San Bernardino shooting investigation continues

David Bowdich, FBI assistant director in charge of the investigation, said authorities believe that both shooters were “radicalized” but that so far there is no evidence that the killers were part of an international plot. Bowdich said there was evidence that the shooters — Syed Rizwan Farook, a restaurant inspector for county, and his wife, Tashfeen Malik — had practiced shooting at local ranges in recent days. Bowdich called the investigation “massive,” saying more than 400 interviews had been conducted and more than 300 pieces of evidence amassed.

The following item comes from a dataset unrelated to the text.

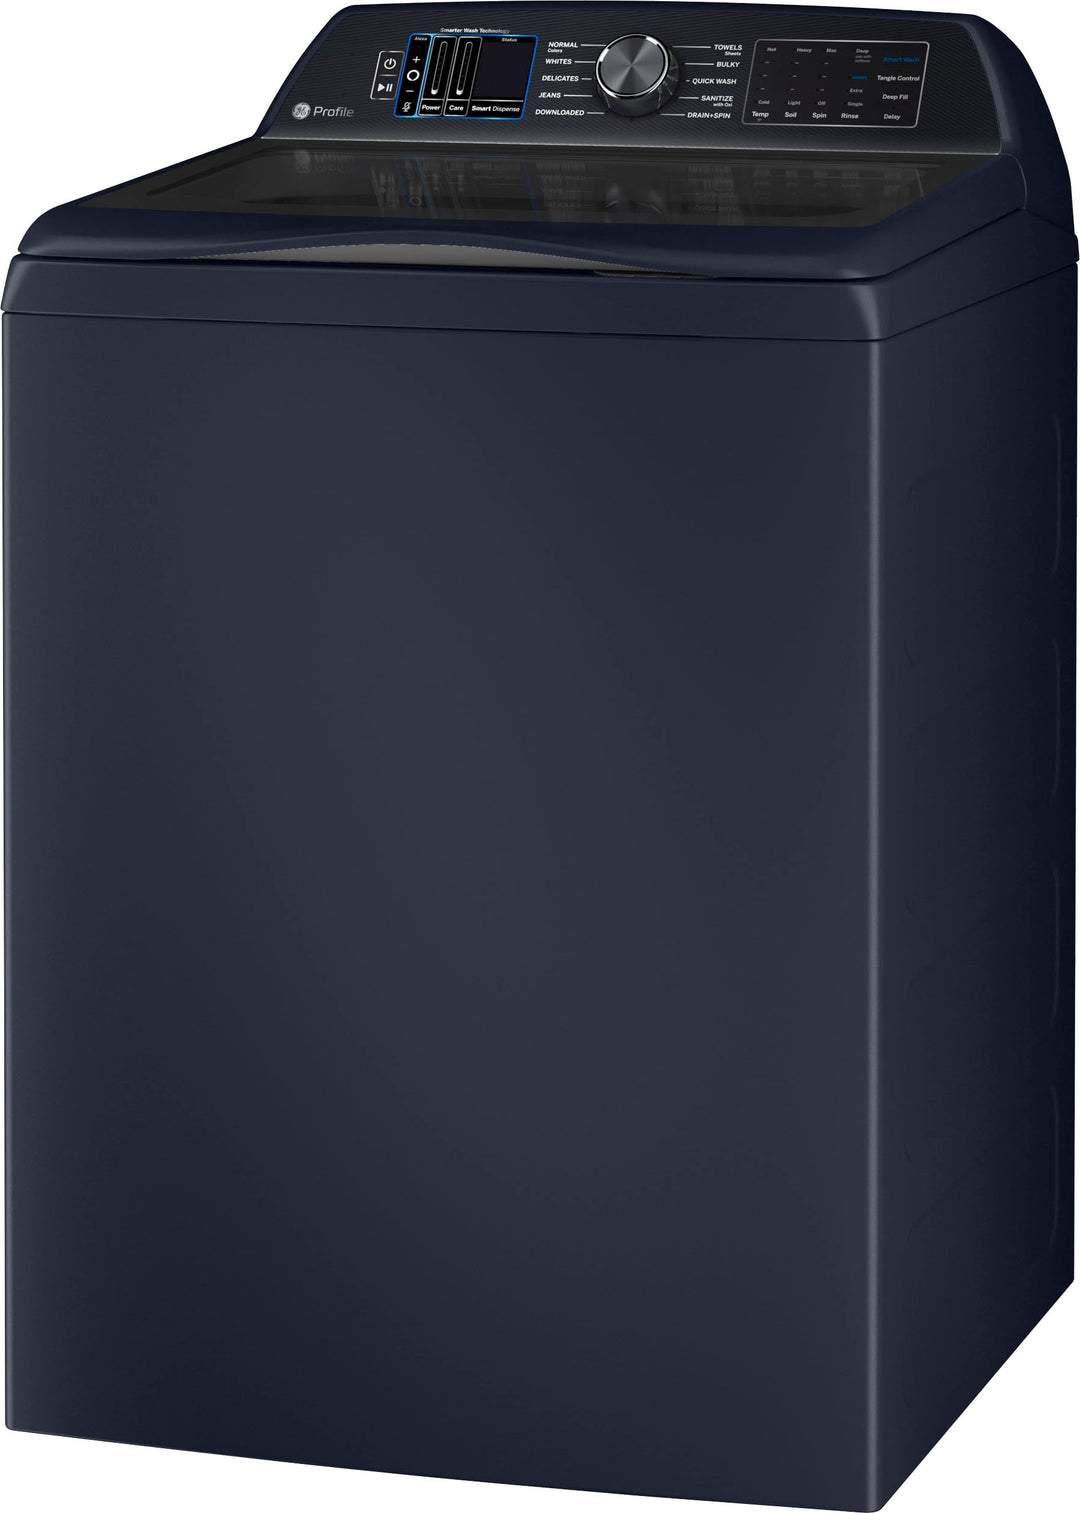 GE Profile - 5.4 Cu. Ft. High Efficiency Top Load Washer with Smarter Wash Technology, Easier Reach & Microban Technology - Sapphire blue_4

“We believe that both were radicalized and had been for some time,” Bowdich said of the couple. He said it was not clear if one or the other had led the attack. Twelve of those killed in Wednesday’s attack were county employees, and only essential employees had worked since. Security will be stepped up at many county buildings, including the addition of armed guards at some locations. The sheriff’s department also was increasing surveillance, he said. Increasing security is a major task for a county with more than 20,000 employees and a population of more than 2 million people spread over 20,000 square miles.

Supreme Court will not hear ‘assault weapons ban’ case

The US Supreme Court has refused to take up a case brought by gun owners challenging an Illinois city’s ban on so-called assault weapons. The decision leaves in place a lower court ruling that allows local governments some leeway in regulating the high-powered weapons. Two conservative justices said that they would have heard the case, and had they done so, struck down the ban. The decision comes days after mass shootings in California and Colorado. The city of Highland Park, a suburb of Chicago, passed a law that bans semi-automatic weapons and large-capacity magazines in 2013. A federal appeals court upheld that law in a ruling that was challenged by an Illinois gun owners association. The high court has considered taking on the case for two months, and a delay in deciding whether to take it on seems to be because Justice Clarence Thomas was finishing his opinion. He and Justice Antonin Scalia said the federal appeals court’s ruling “flouts two of our Second Amendment precedents”. In the opinion, Thomas did not mention any mass shootings that involved semi-automatic weapons, and said the Chicago-area ban “is highly suspect because it broadly prohibits common semi-automatic firearms used for lawful purposes” by about five million US citizens. Similar laws in Connecticut and New York were upheld by a New York federal appeals court in October. In all, seven states plus Washington DC have passed laws that ban the weapons. Since two landmark rulings that ensured the right to own a handgun to defend one’s home, the Supreme Court has regularly turned away challenges to gun laws.